Cooks, bakers, and even food bloggers tend to be sheep. They follow and write about what's trending, trying to keep up with the culinary hipsters who make our eating rules. Luckily, there is a rebel, the famed British chef, baker and blogger Ruby Tandoh to break the rules. She believes in eating what mothers and grans have said for centuries -eat what you like. The heck with what everyone else tries to tell you.

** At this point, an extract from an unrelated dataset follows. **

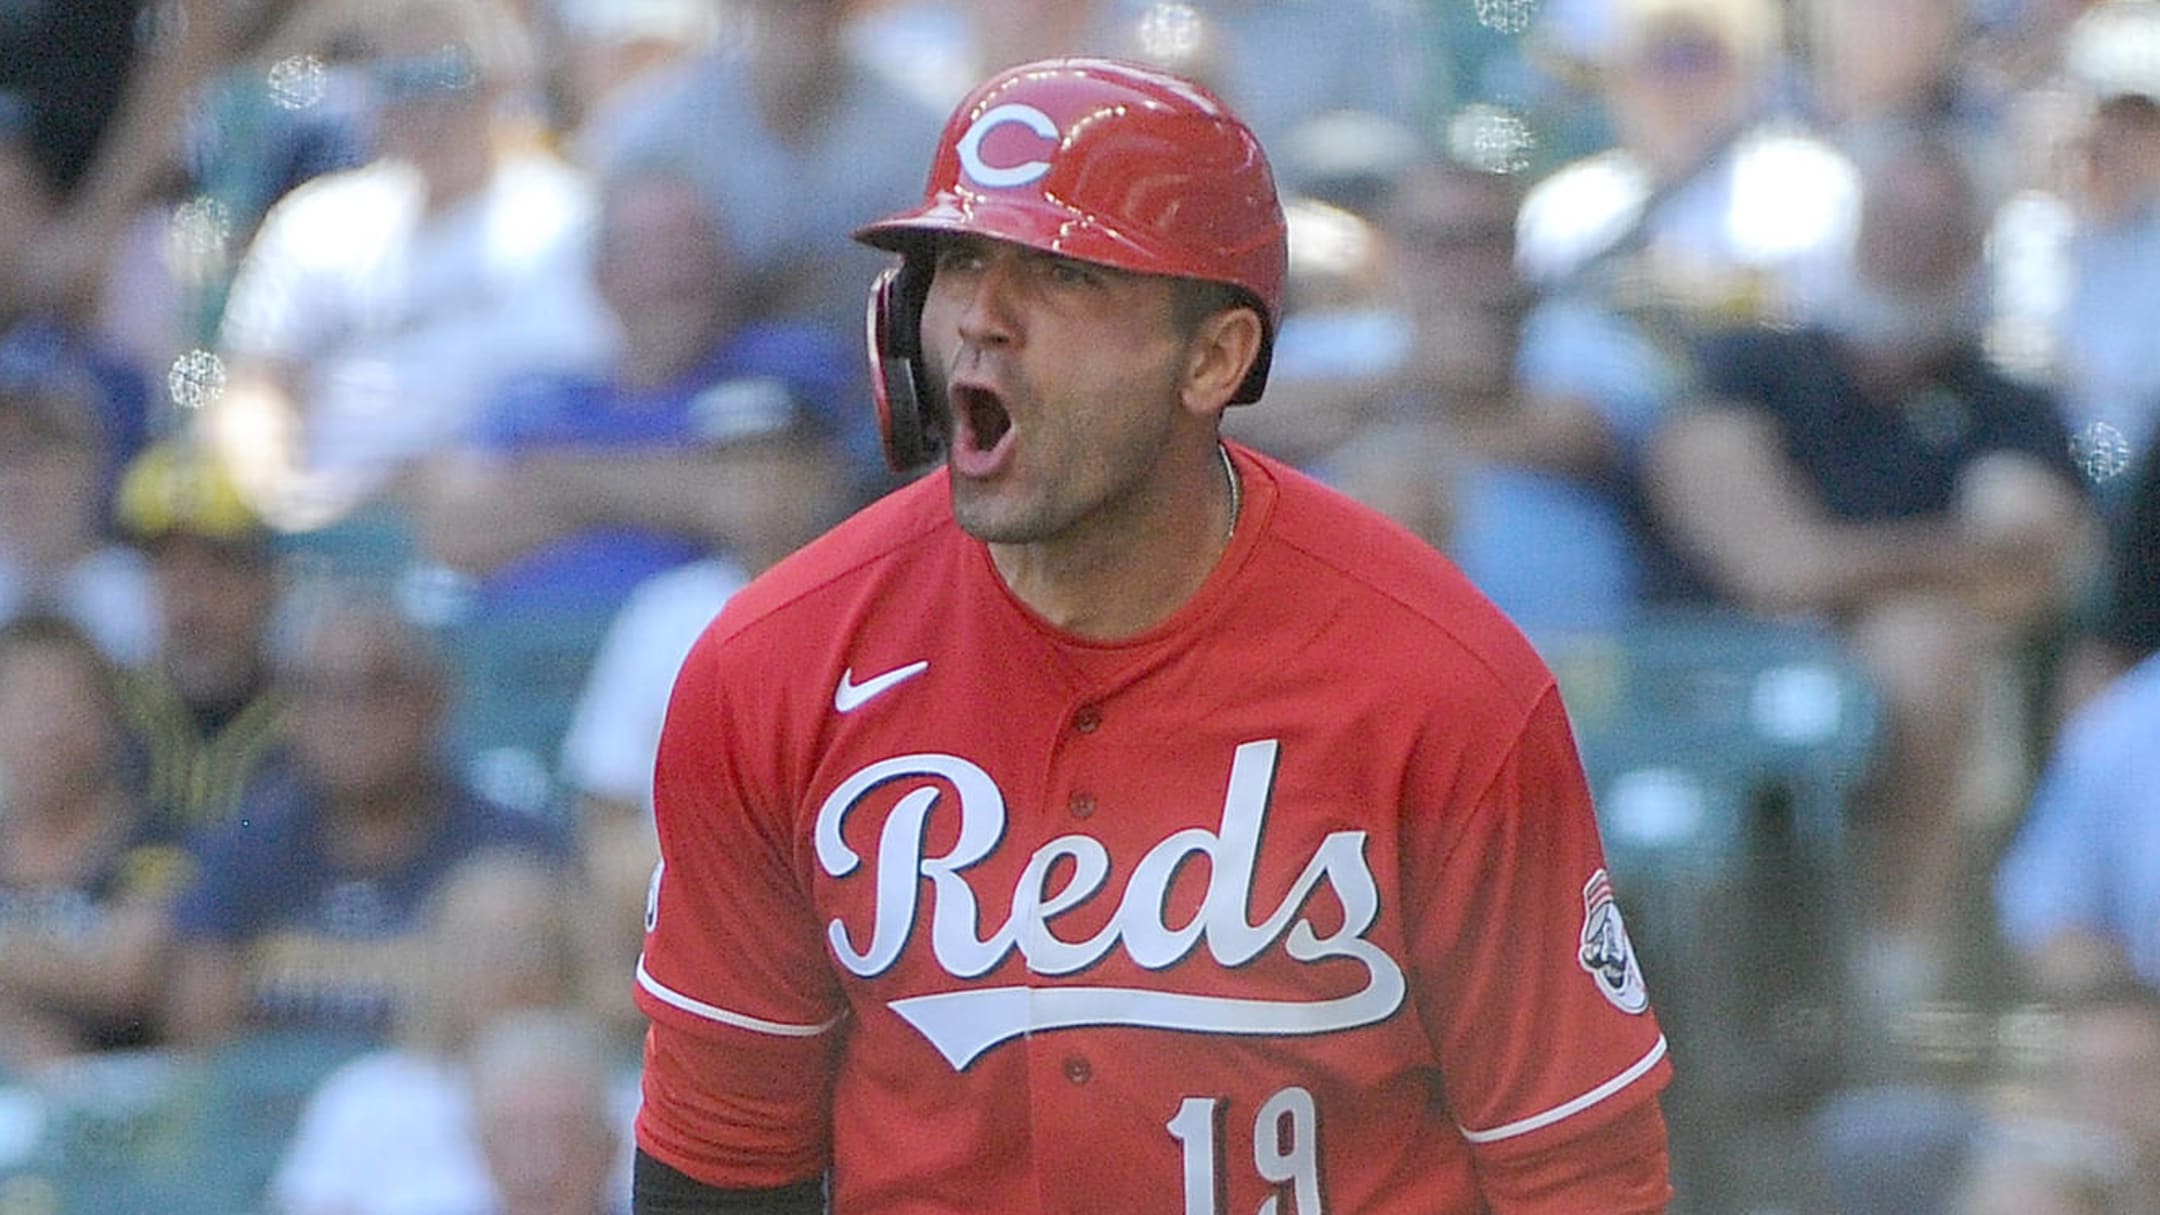 Reds: Why are some fans so angry about Joey Votto's impending return?

Ruby Tandoh's name may sound familiar to fans of The Great British Baking Show.Times contributor, Tejal Rao, a regular contributor and food blogger herself., wrote about this phenomenon in today's New York Times Food section. She was one of the final contestant on the Season Four competition. This former art and philosophy major turned to cooking and baking as not only a passion but as a way of life. She has written food centered essays for The Guardian, British Elle, and other magazines along with two cookbooks. Her latest book, "Flavour: Eat What You Love" is due out here in the States next month. It was first published in the UK last August It's a celebration of a skilled home cooking enthusiast. The book also touches upon on the feminist concept of "shine theory" which values female friendship over competition. She eschews diets and wrote a lament in an essay that food writers have gone from feasting and flavor to cleanness and lightness. Chef Tandoh has created a dialogue and somewhat of a revolution in Britain. She also has misgivings about the benefits of some diets and their promises too.

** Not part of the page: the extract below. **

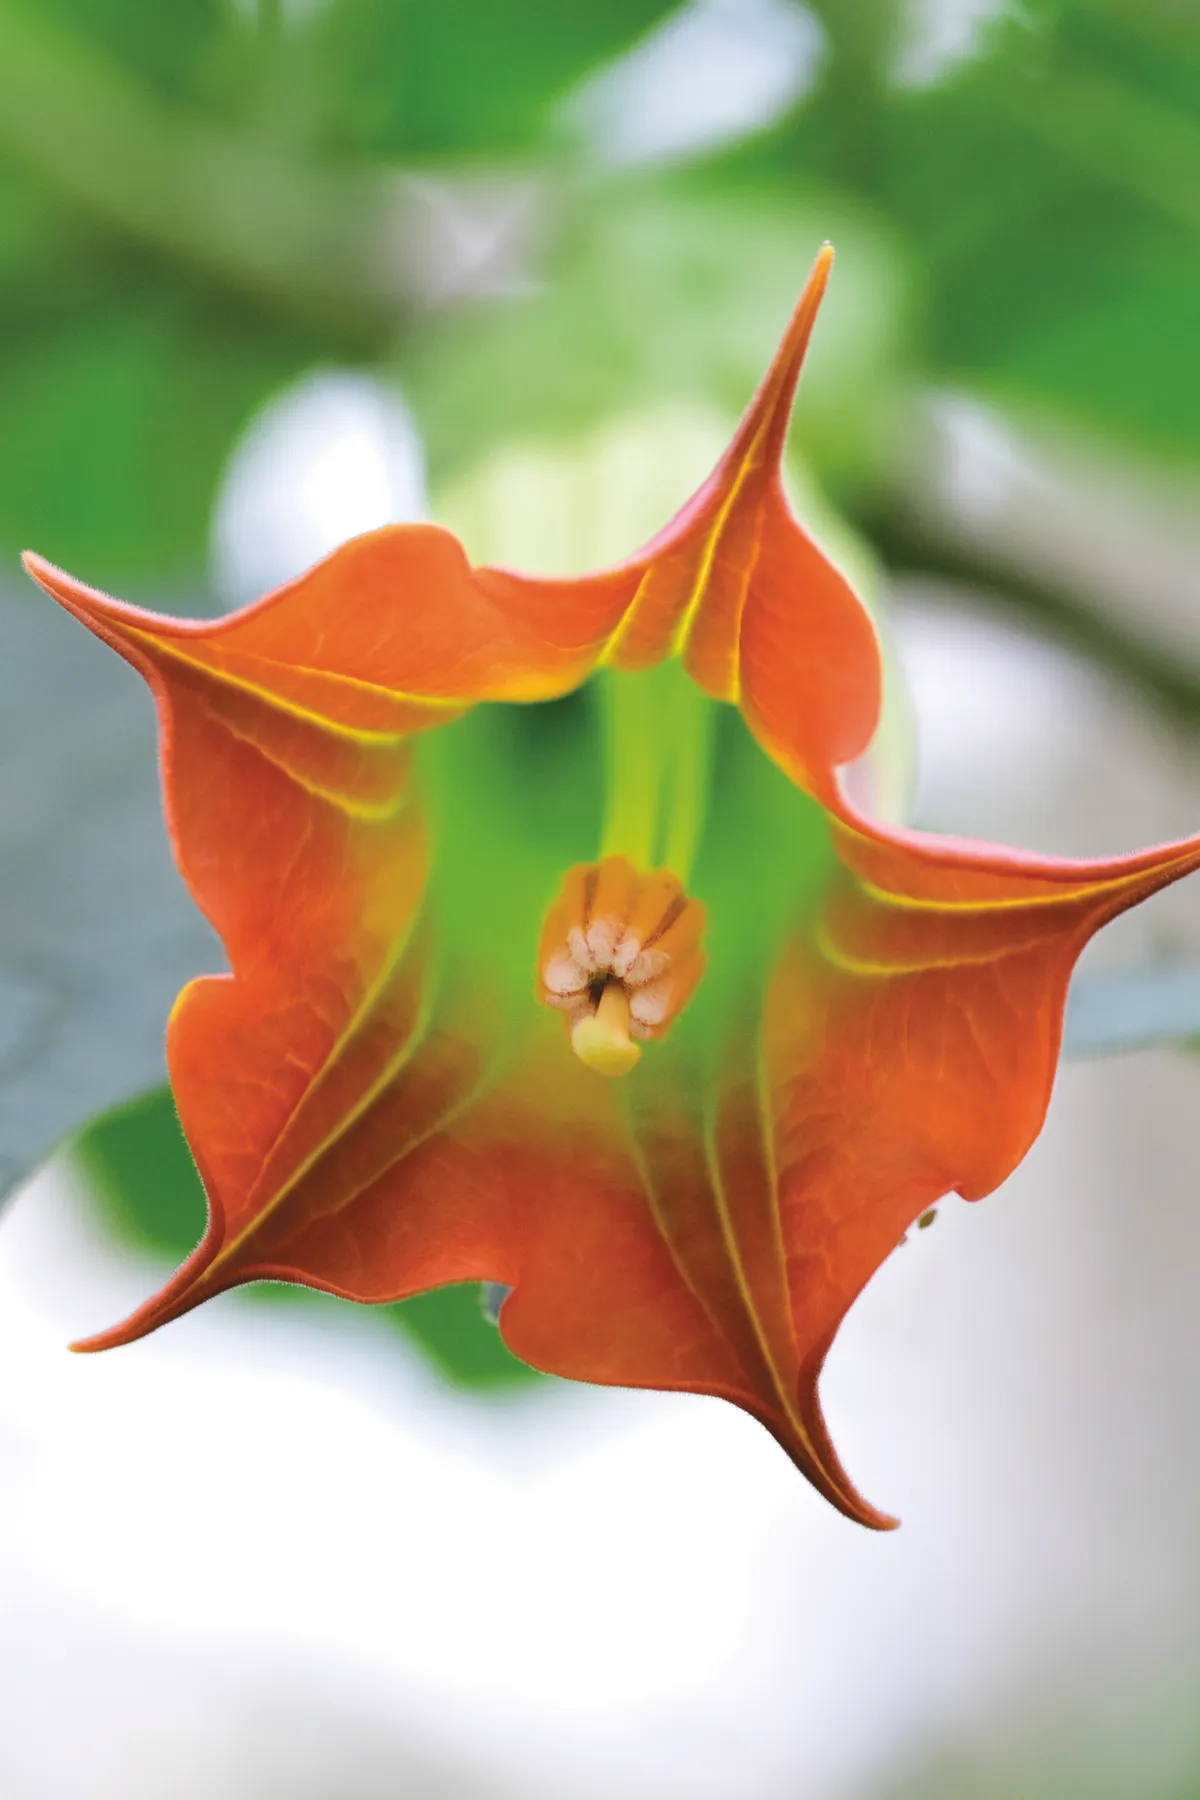 Brugmansia sanguinea is native to Latin America but now extinct in the wild. © RBG Kew

What does she cook and bake? She has been exploring her Ghanian roots. Her grandfather had immigrated from there, bringing a wealth of recipes.There is ground nut or peanut soup spiked with chiles along with tilapia in a garlicky marinade. Fried plaintains round it out this a meal full of memories and flavor Her blog is full of yummy recipes for cakes , doughnuts and creme brules.made with raspberries. She has recipes for rye rolls and a mouth watering banana upside down cake. The new cookbook is a reflection of this as well. There's a creamy English fish pie, made with smoked haddock and peas topped with a thick layer of mashed potatoes.Lentil soup is sparked with lime . She includes an opulent meringue, rolled up with cherries and cream. As we all saw on The Great British Baking show, she is an excellent baker. She relies on everyday sweeteners such as honey, sugar, dark brown sugar, golden syrup and treacle or molasses to create amazing sweets such as a marbled chocolate almond Bundt cake and steamed panettone.
Cooking and baking need rebels to keep it fresh . Ruby Tandoh is just that iconoclast to make us break the bonds of all these diet recipes and fads. She setting us free in a very delicious way.